If you went into Riverdale’s 2018 fall finale “Outbreak” hoping to learn the identity of the Gargoyle King, you are out of luck. But that doesn’t mean the midseason finale was totally revelation-free. Rather than unveiling who is hiding underneath a costume of sticks and blood in the Fox Forest, “Outbreak” finally reveals Hiram Lodge’s (Mark Consuelos) master plan, which has been percolating since season 2 finale “Brave New World.”
Surprise: Hiram has closed Riverdale’s borders through an elaborate quarantine scheme. The plot is centered around the seizures that began with Betty Cooper’s (Lili Reinhart) “Labor Day” collapse. Now, no one can enter or exit Riverdale. All that remains is the will of Hiram Lodge. It’s a confusing twist that needs a lot of explaining.
Out of everything Hiram could have done, you may be asking, “Why a quarantine?” The answer:by claiming Riverdale has been overtaken by a deadly seizure diseaseno one will bother checking in on what’s actually happening on the inside. Firstly, no individual will want to risk their own health and safety to perform such an investigation, lest they also begin seizing and end up kidnapped by men in mysterious hazmat suits. Secondly, as we see when Jughead (Cole Sprouse) and dad F.P. Jones (Skeet Ulrich) approach town lines, if someone were to inquire after Riverdale’s well-being, they would be stopped and threatened with deadly force.
While such violent action would usually be viewed as crime, the quarantine label justifies the extreme reaction.
This is a foolproof plan for Hiram to get the “kingdom” he so desires. That is why Hiram and Veronica Lodge’s (Camila Mendes) mid-”Outbreak” conversation is one of the most important scenes of the episode. Ronnie recognizes her dad’s mobster-drug lord machinations have gone too far. He’s using a Southside prison building project, which he secured by ill means, to expand his Fizzle Rock production empire. He’s manipulating a panic over the seizure epidemic to create a criminal base in Northside Riverdale. He brutally murdered the dirty sheriff (Henderson Wade) he placed into office.

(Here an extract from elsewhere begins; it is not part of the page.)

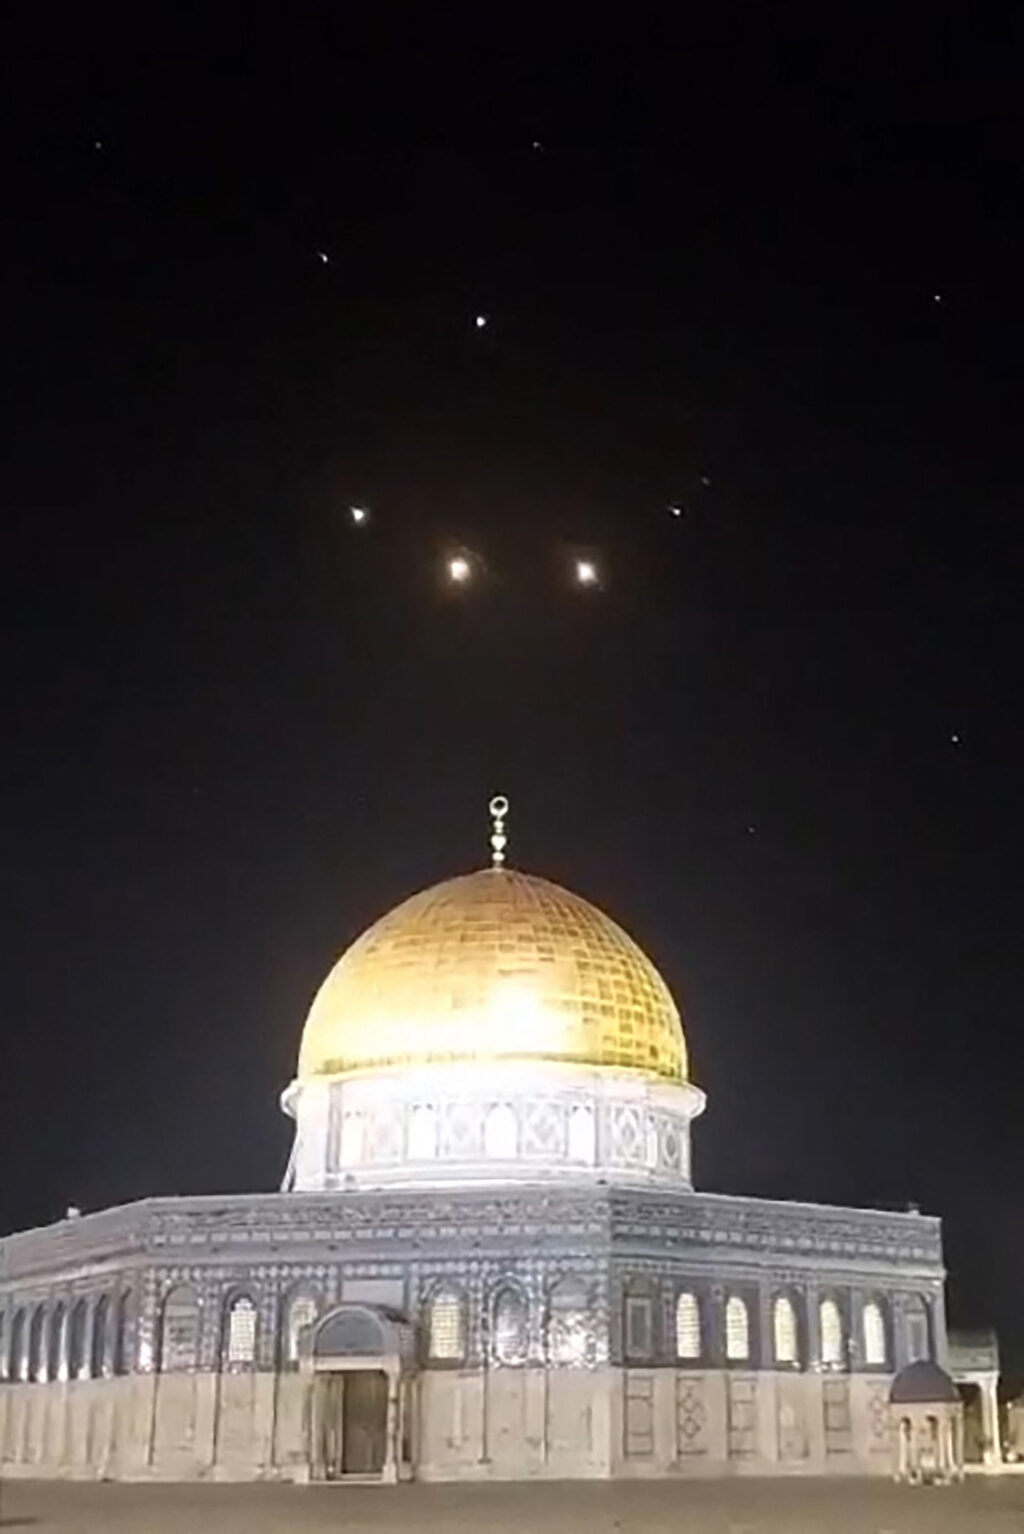 Iran attack on Israel: Why? Key events leading to military assault: An image-grab from a video taken early on April 14, 2024, shows rocket trails in the sky above the Al-Aqsa Mosque compound in Jerusalem. Iran launched its first-ever direct attack on Israeli territory late on April 13, marking a major escalation of the long-running covert war between the regional foes and sparking fears of a broader conflict breaking out. | AFP

Ronnie reminds Hiram that the citizens of Riverdale might be powerless to stop his accelerating evil deeds — remember, Lodge family matriarch Hermione (Marisol Nichols) is the mayor — but the world will see what’s going on. “Yeah, I’m not too concerned about that,” Hiram casually shoots back. Hiram wasn’t concerned about prying eyes because he knew the imminent quarantine would shroud Riverdale in permanent darkness.
“It’s practically biblical. Years in the making,” Hiram brags about then next part of his plot, proving this plan is much older than his “Brave New World” meeting of Riverdale’s greatest villains.
Those grandiose words prove the quarantine isn’t the culmination of Hiram’s king-making strategy. It is merely a means to the much larger end he, and the Gargoyle King (as confirmed with “Outbreak’s” final scene), hope to achieve. After all, Hiram tells his daughter a “new order” is on the way for Riverdale, and Penelope Blossom (Nathalie Bolt) promises the town’s leading criminals will soon have free reign.
Over season 3, Riverdale has dropped a few more hints as to what that “order” entails. We shouldn’t expect Riverdale to turn into a barren wasteland like the one we glimpsed in last week’s “Man In Black.” Hiram only ruined that town, Athens, to make his work in Riverdale possible. The men of Athens, as Laurie Lake (Riley Keough) complains, were taken to work in the Fizzle Rocks factory-slash-prison building scam in Riverdale. Because of the men’s labor, Hiram now has enough Fizzle Rocks to easily control Riverdale.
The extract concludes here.